Because the interaction landscape can be complex, with multiple local peaks and valleys, we model this term non-parametrically using a Gaussian Process prior (GP). To ensure that the resulting dose-response function only takes values in the interval \((0,1)\), we push the GP through a transformation function \(g()\). That is \[ z(\boldsymbol{x}) \sim \mathcal{GP}(0,\kappa(\boldsymbol{x},\boldsymbol{x}')) \\ \Delta(\boldsymbol{x}) = g(z(\boldsymbol{x})), \] where the transformation function looks like \[ g(z(\boldsymbol{x})) = \frac{-p_0(\boldsymbol{x})}{1+\exp\left\{b_1z(\boldsymbol{x})+\log\left[\frac{p_0(\boldsymbol{x})}{1-p_0(\boldsymbol{x})}\right]\right\}} + \frac{1-p_0(\boldsymbol{x})}{1+\exp\left\{-b_2z(\boldsymbol{x})-\log\left[\frac{p_0(\boldsymbol{x})}{1-p_0(\boldsymbol{x})}\right]\right\}}. \] In addition to ensuring the proper bounds for the dose-response function, this transformation has the feature of \(g(0)=0\), which corresponds to an a priori assumption that \[ \mathbb{E}\left[f(\boldsymbol{x}) | p_0(\boldsymbol{x})\right] \approx p_0(\boldsymbol{x}). \] That is, we make our non-interaction assumption into a formal prior expectation on the dose-response function. This achieves two things, (1) a slightly conservative model that needs to be convinced that interaction effects are present, and (2) no built-in bias of interaction in the prior structure.

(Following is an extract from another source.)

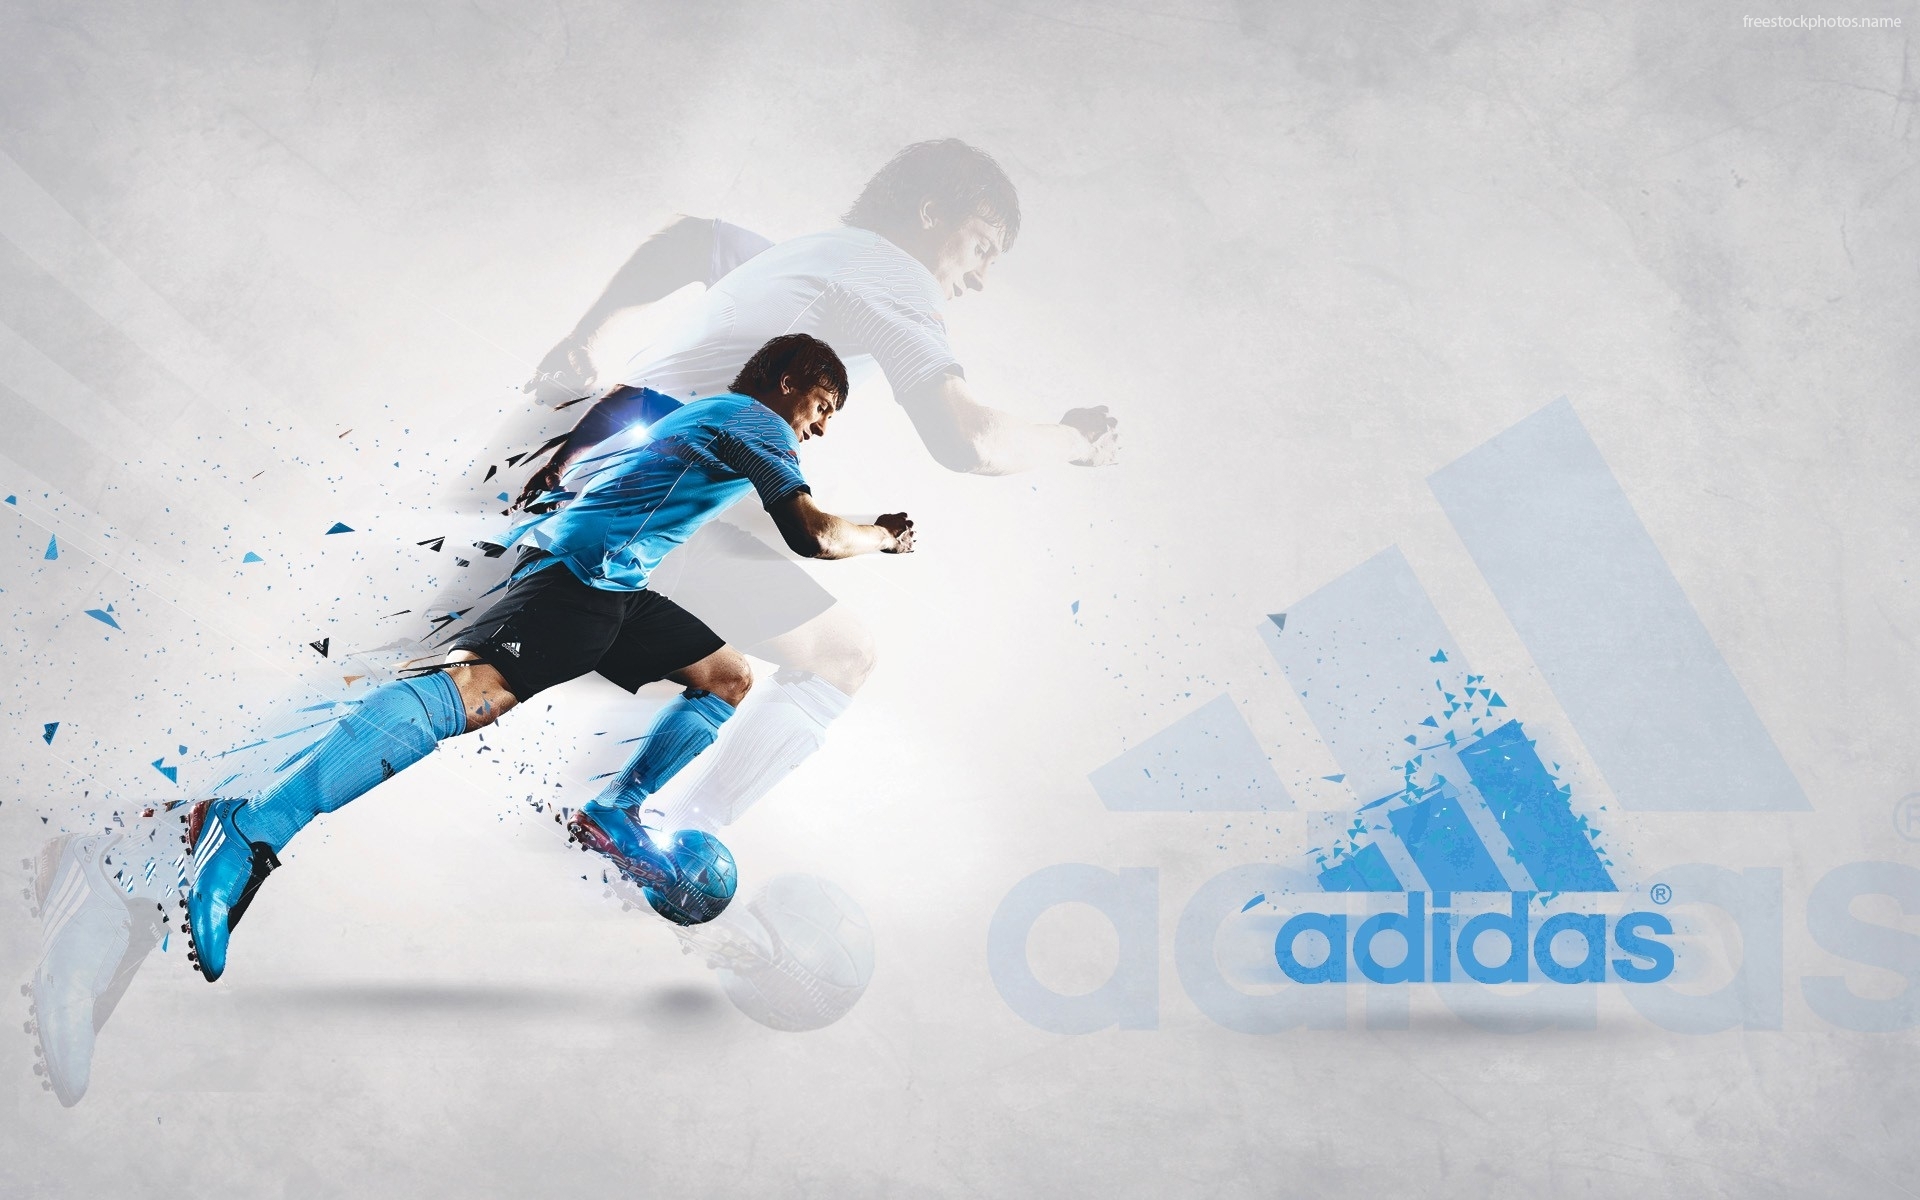 Stock Photos Of Adidas Soccer Player

The covariance function \(\kappa(\boldsymbol{x},\boldsymbol{x}')\) can be given multiple specifications, including a squared exponential, Matérn, and Rational Quadratic covariance functions. By default, we use a Matérn covariance with the \(\nu\) parameter set to 3/2 yielding \[ \kappa(\boldsymbol{x},\boldsymbol{x}') = \sigma_f^2\left(1+\frac{\sqrt{3}\Vert\boldsymbol{x}-\boldsymbol{x}'\Vert}{\ell}\right)\exp\left\{-\frac{\sqrt{3}\Vert\boldsymbol{x}-\boldsymbol{x}'\Vert}{\ell}\right\}. \] Finally, by utilizing the natural grid structure of the drug concentrations, we can write the kernel function as \[ \kappa(\boldsymbol{x},\boldsymbol{x}') = \sigma_f^2 \kappa(x_1,x_1')\kappa(x_2,x_2'), \] which induces a Kronecker product structure on the final covariance matrix. Following the implementation detailed in Flaxman et al. (2015), this greatly improves the computational efficiency of the model.
The observation model
Given the above formulation for the dose-response function \(f\), we assume that we have access to noisy observations from it. These observations are typically generated from various cellular assays, e.g. viability assays. In particular we assume that given concentration points \(\boldsymbol{x}_1,\ldots,\boldsymbol{x}_n\) we have observations \(y_1,\ldots,y_n\) where \[ y_i = f(\boldsymbol{x}_i) + \epsilon_i, \] where we assume that the errors \(\epsilon_i\) are normally distributed with mean zero. For the variance of the observational errors, by default we model these in a heteroscedastic fashion as \[ \text{Var}\left[\epsilon_i\right] = \sigma^2(f(\boldsymbol{x}_i)+\lambda), \] where \(\lambda\) is set to a small value to handle the case when \(f = 0\), but there is still some residual noise. In a typical setup where cell viability is calculated through a normalization to positive and negative controls, lambda can be empirically set as \[ \lambda = \frac{\sigma^2_{+}}{\sigma^2_{-}}, \] where \(\sigma^2_{+}\) and \(\sigma^2_{-}\) denotes the variance of positive and negative controls, respectively.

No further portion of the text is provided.